The stress of nursing the terminally ill is one of the themes of a new play about two teenagers who meet in a hospice.
The play, co-authored by retired consultant obstetrician and gynaecologist Chris Naylor and company director Joanna Way, discusses the realities of caring for terminally ill teenagers trying to cope with mortality.
“The stress of nursing was all too evident when my husband was in hospital”
The play, called See Me for Myself, follows the story of Stephen and Sally, two teenagers who must learn about love and life while coming to terms with their illnesses. It will run from 3 October to 27 October 2018 at the Tabard Theatre, Chiswick.
A nurse, sister Jones, is one vehicle that authors Mr Naylor, 84-year-old retired obstetrician, and Ms Way, 73-year-old company director, communicate the stress of nursing terminally ill patients.
The sister is faced with care decisions that shape the rest of the patients’ short lives, challenge her medical and nursing ethics, and lead to Sally become pregnant despite her ongoing chemotherapy treatment.

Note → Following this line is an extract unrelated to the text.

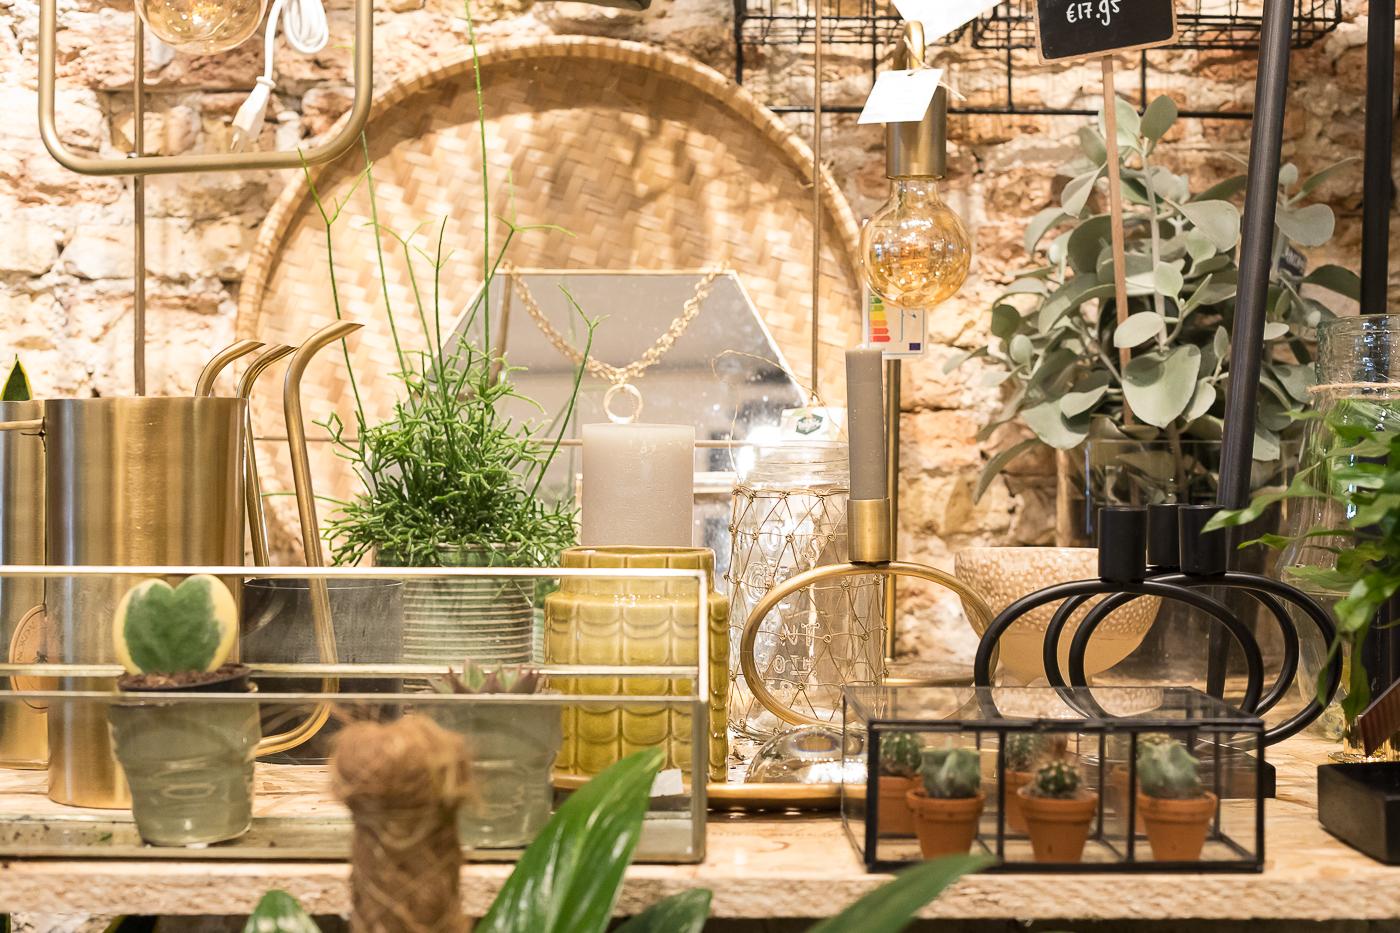 fotografie-locatie-winkel-interieur-styling-groene-vingers-delft-slider-61

Sally’s pregnancy creates problems for the entire cast, from Sally’s parents to her doctors.
Meanwhile, the character Ms Baxter, a consultant gynaecologist, is faced with this complication when she must care for Sally and her baby despite Sally’s cancer.
The writers said their close connections to the nursing world was reflected in their first play. Mr Naylor worked as an obstetrician and gynaecologist and Ms Way spent much of her time caring for her husband, who had terminal lung cancer, until he passed away in 2015.
“Patients families were under a lot of stress and nurses often had to cope with this too”
Ms Way said that she attempted to write about her experiences as a journalist, but she could never bring herself to publish an article.
When she received a script from Mr Naylor, the two agreed to co-author a new play about young people with terminal illnesses.
Ms Way said: “We discussed a new plot and I got to work on the dialogue. Writing a play about a young patient with cancer gave me greater detachment.
“The stress of nursing was all too evident when my husband was in hospital,” she told Nursing Times.
“I was also aware that patients families were under a lot of stress and nurses often had to cope with this too,” she said. “A family breakdown occurs in this play.”
Their first play tackles the realities of treatment of terminal patients, shortage of teenage hospices, the stress of nursing, and medical attitudes toward pregnancy in women with cancer.
Mr Naylor said: “In co-writing this play, two passions came together in a meaningful way, my passion for theatre and my experiences of working in the NHS.
Ms Way added: “Our experience in other fields has helped us to create a play that is challenging and different. We are tackling a difficult subject, that of terminal illness in the young, but there is humour as well as pathos in this work.”
According to the co-authors, See Me for Myself will portray the pressure and pain of a nurse for the terminally ill, raising questions about care for those with cancer in the modern world.
A collection for The Teenage Cancer Trust will be taken at each performance.